→ Problem requirements: An exact copy is all that is wanted: the lines from the one with "Poland - Air" through the end of the listing below, both included, minus any pictures.

Data below START

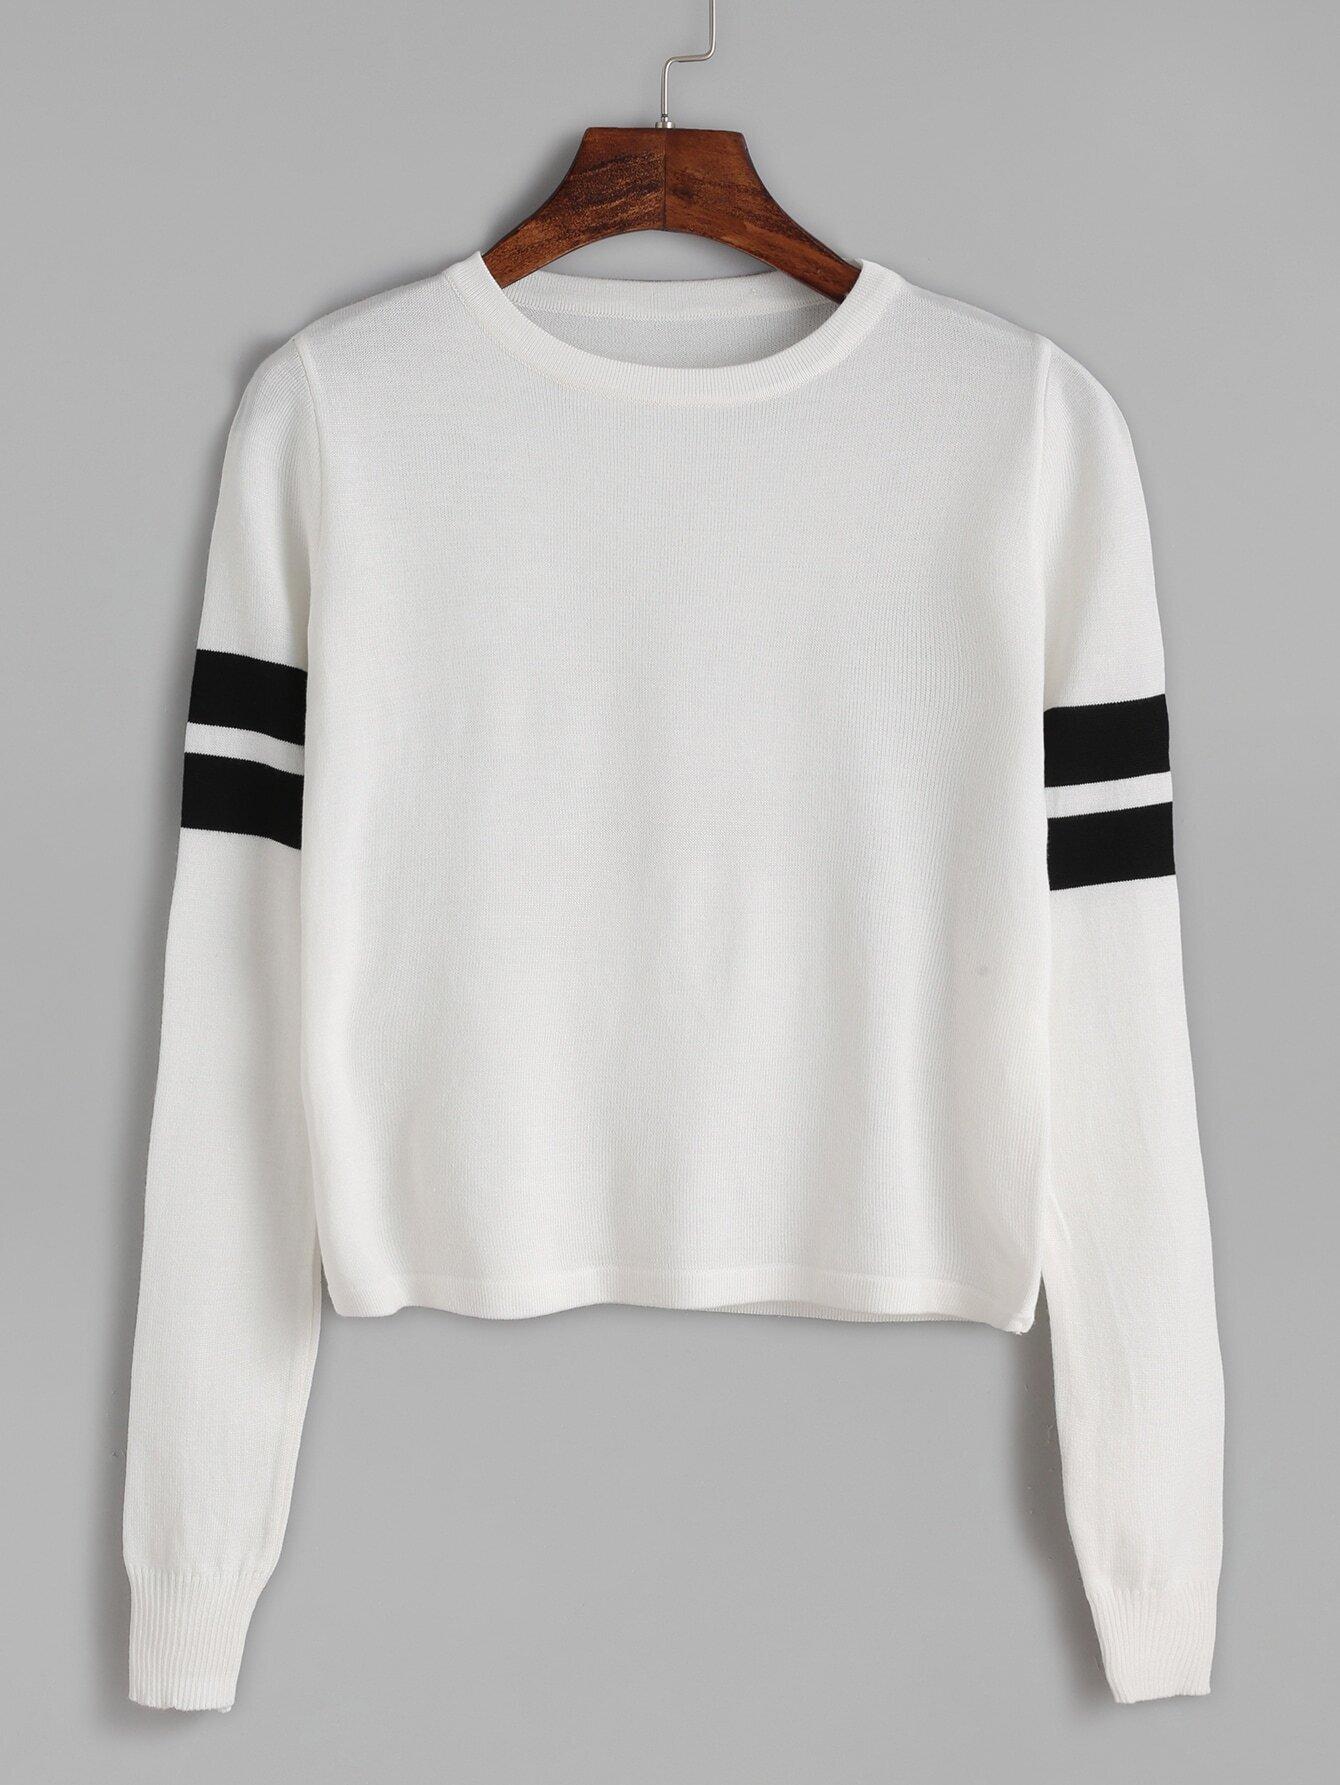 White Striped Trim Long Sleeve Knitwear
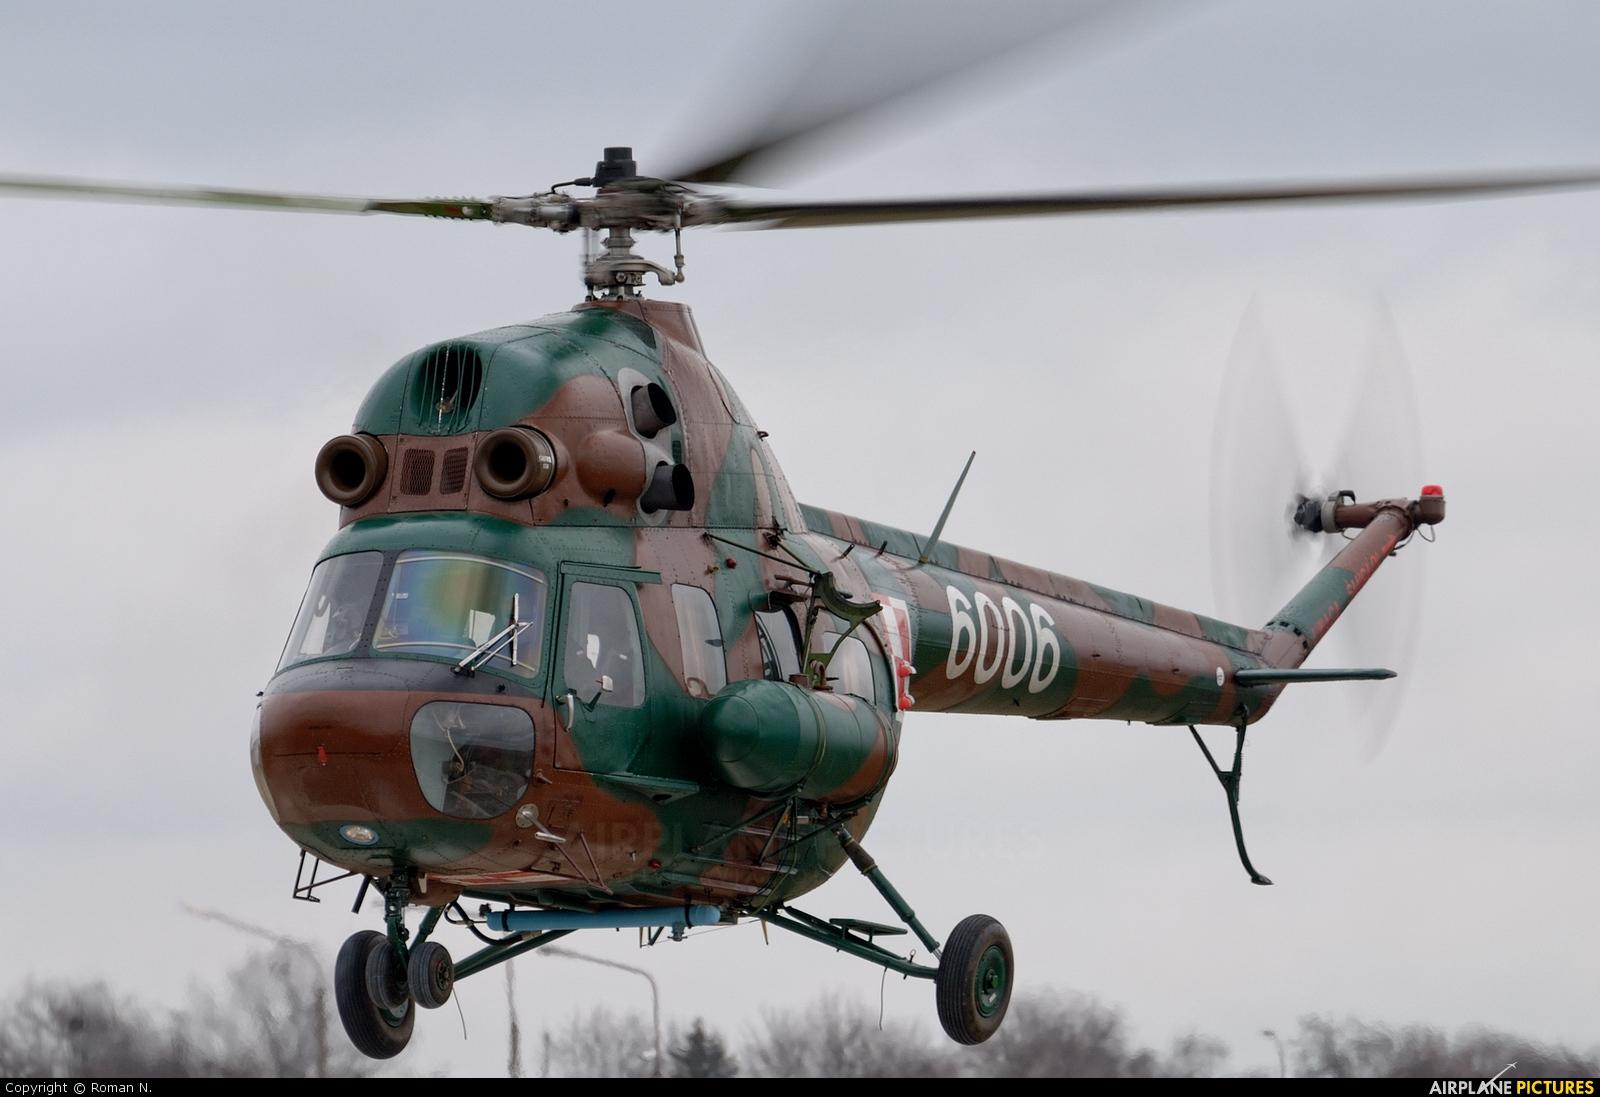 Poland - Air Force 6006 aircraft at Bydgoszcz - Szwederowo
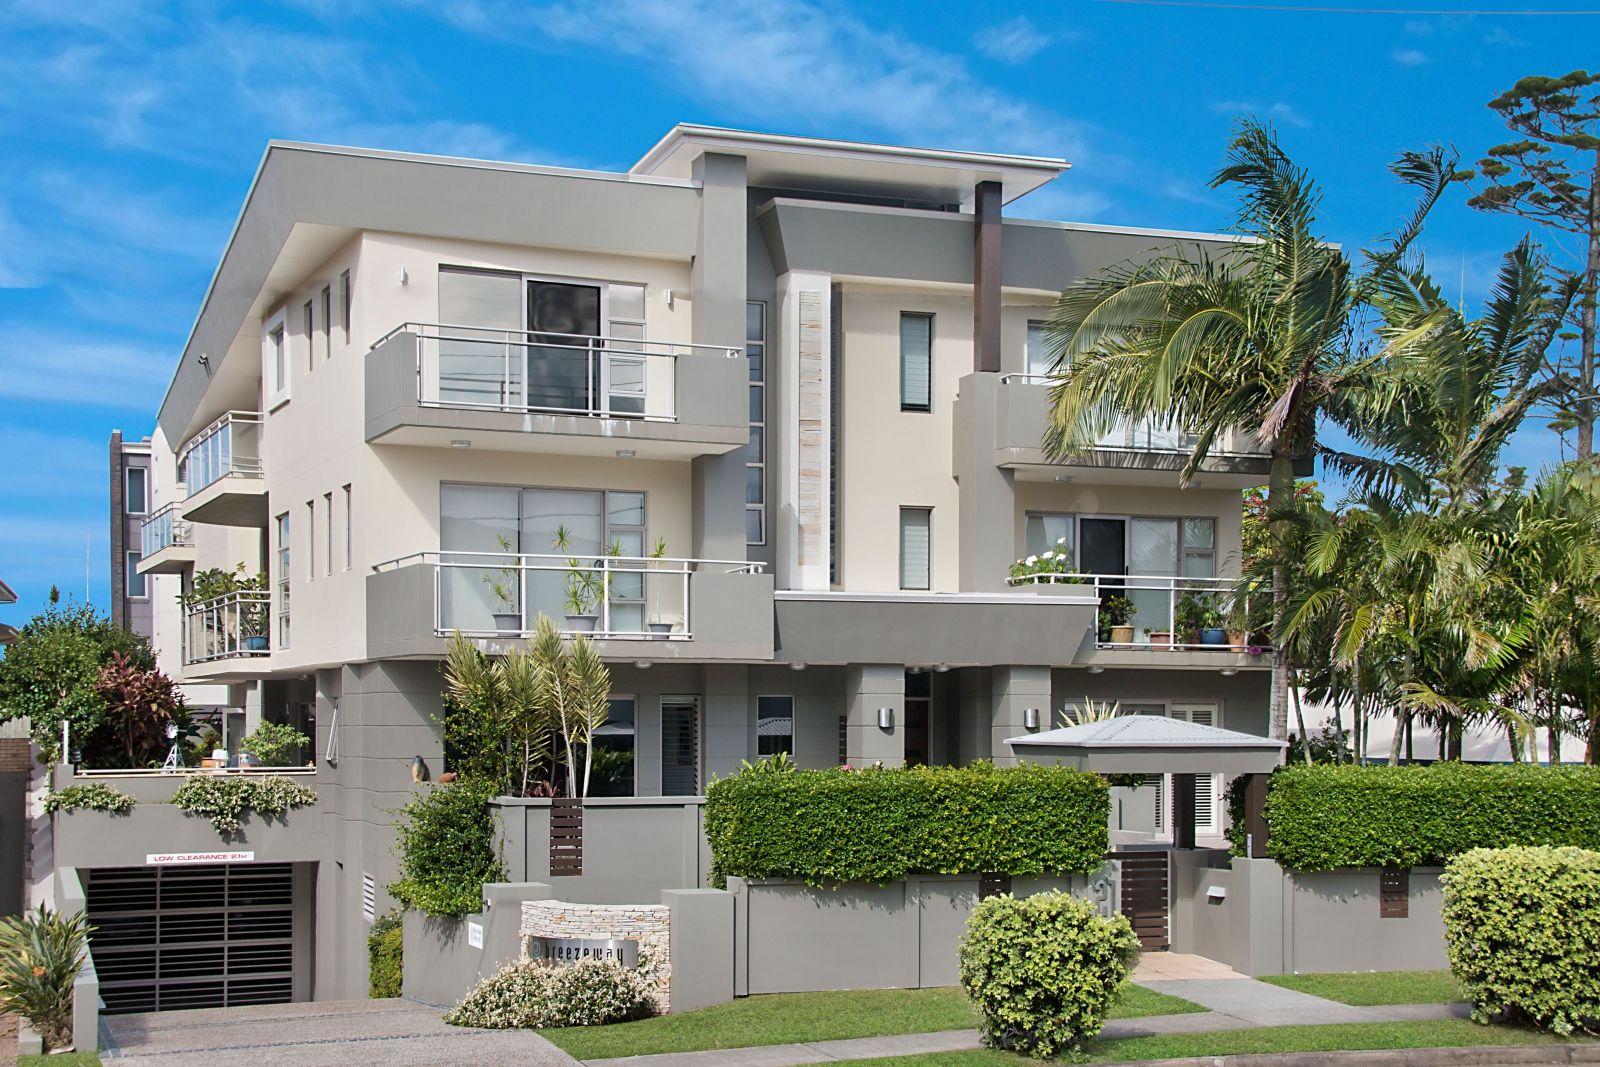 6/21 Kingscliff Street, Kingscliff NSW 2487, Image 2
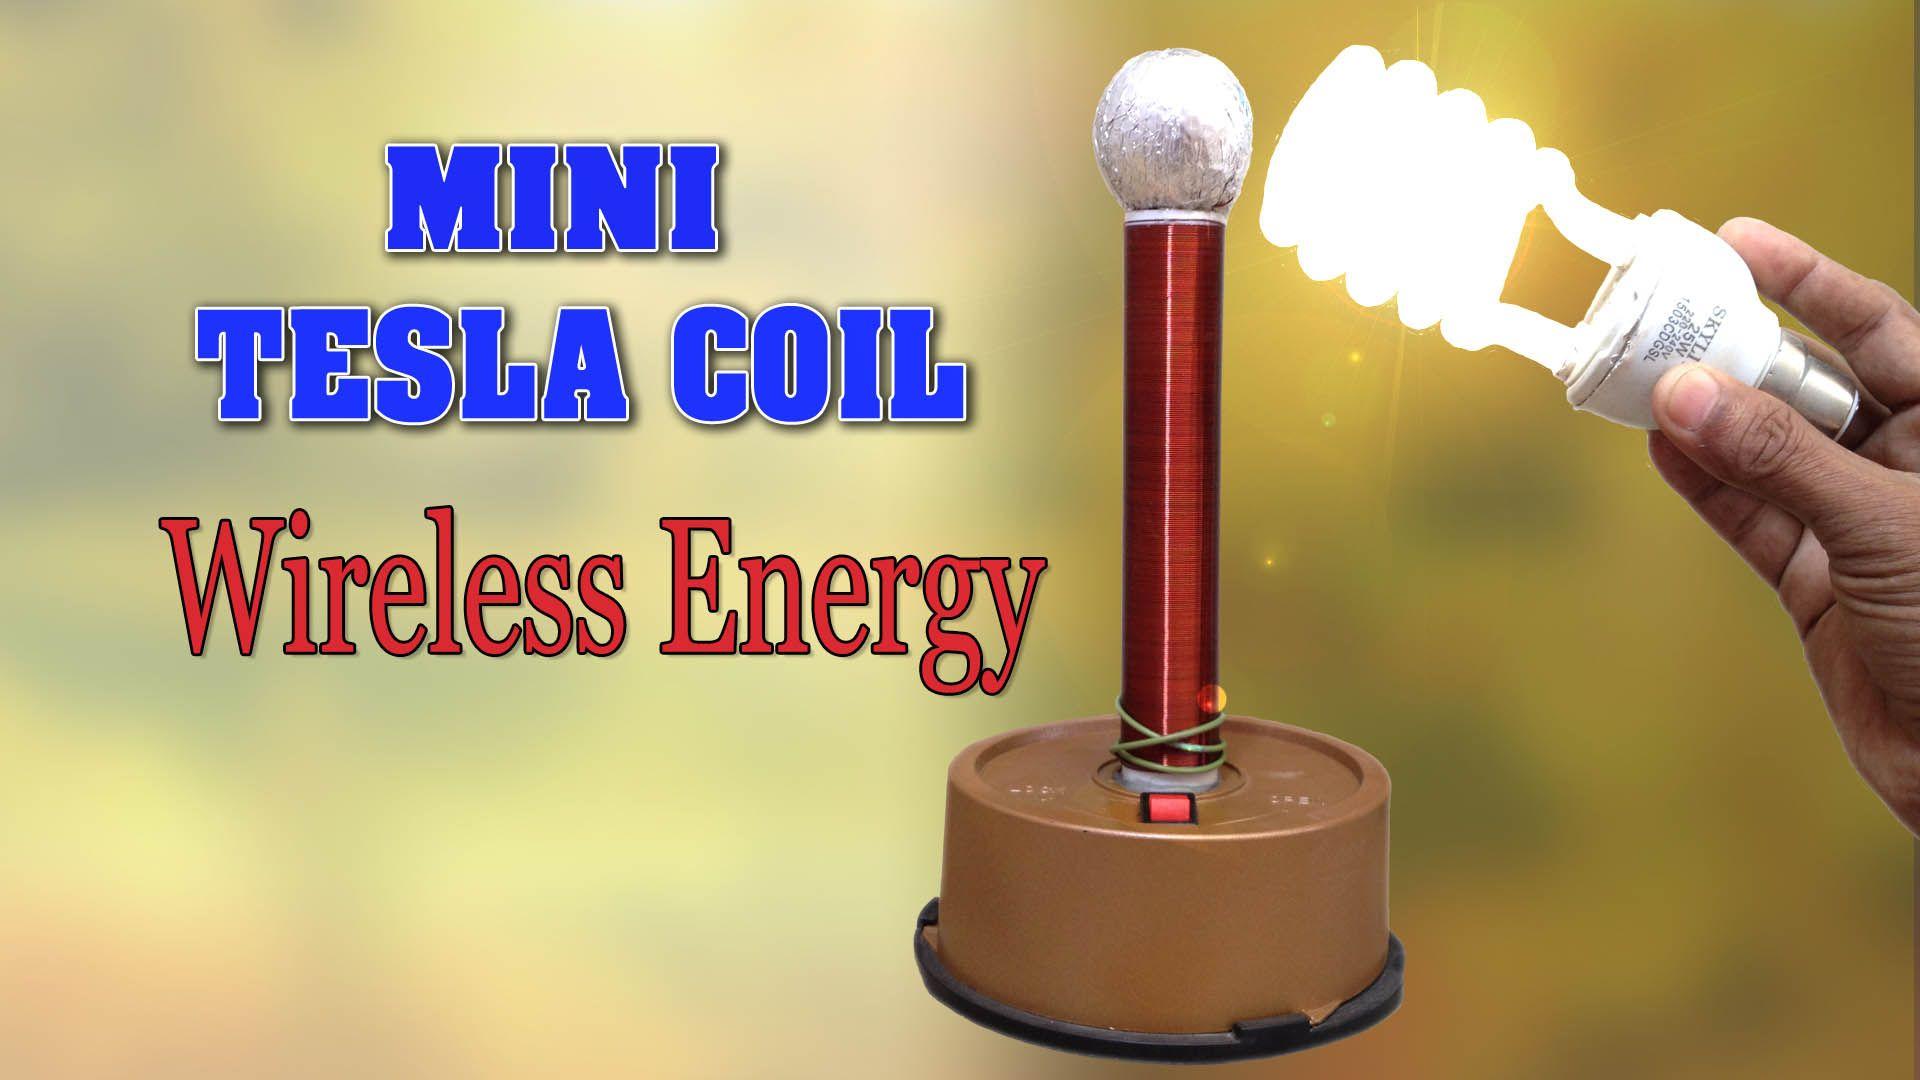 Mini Tesla Coil DIY Homemade Wireless Energy - TRONICSpro ...

Data below END

→ Answer to the exercise:
 Poland - Air Force 6006 aircraft at Bydgoszcz - Szwederowo
 6/21 Kingscliff Street, Kingscliff NSW 2487, Image 2
 Mini Tesla Coil DIY Homemade Wireless Energy - TRONICSpro ...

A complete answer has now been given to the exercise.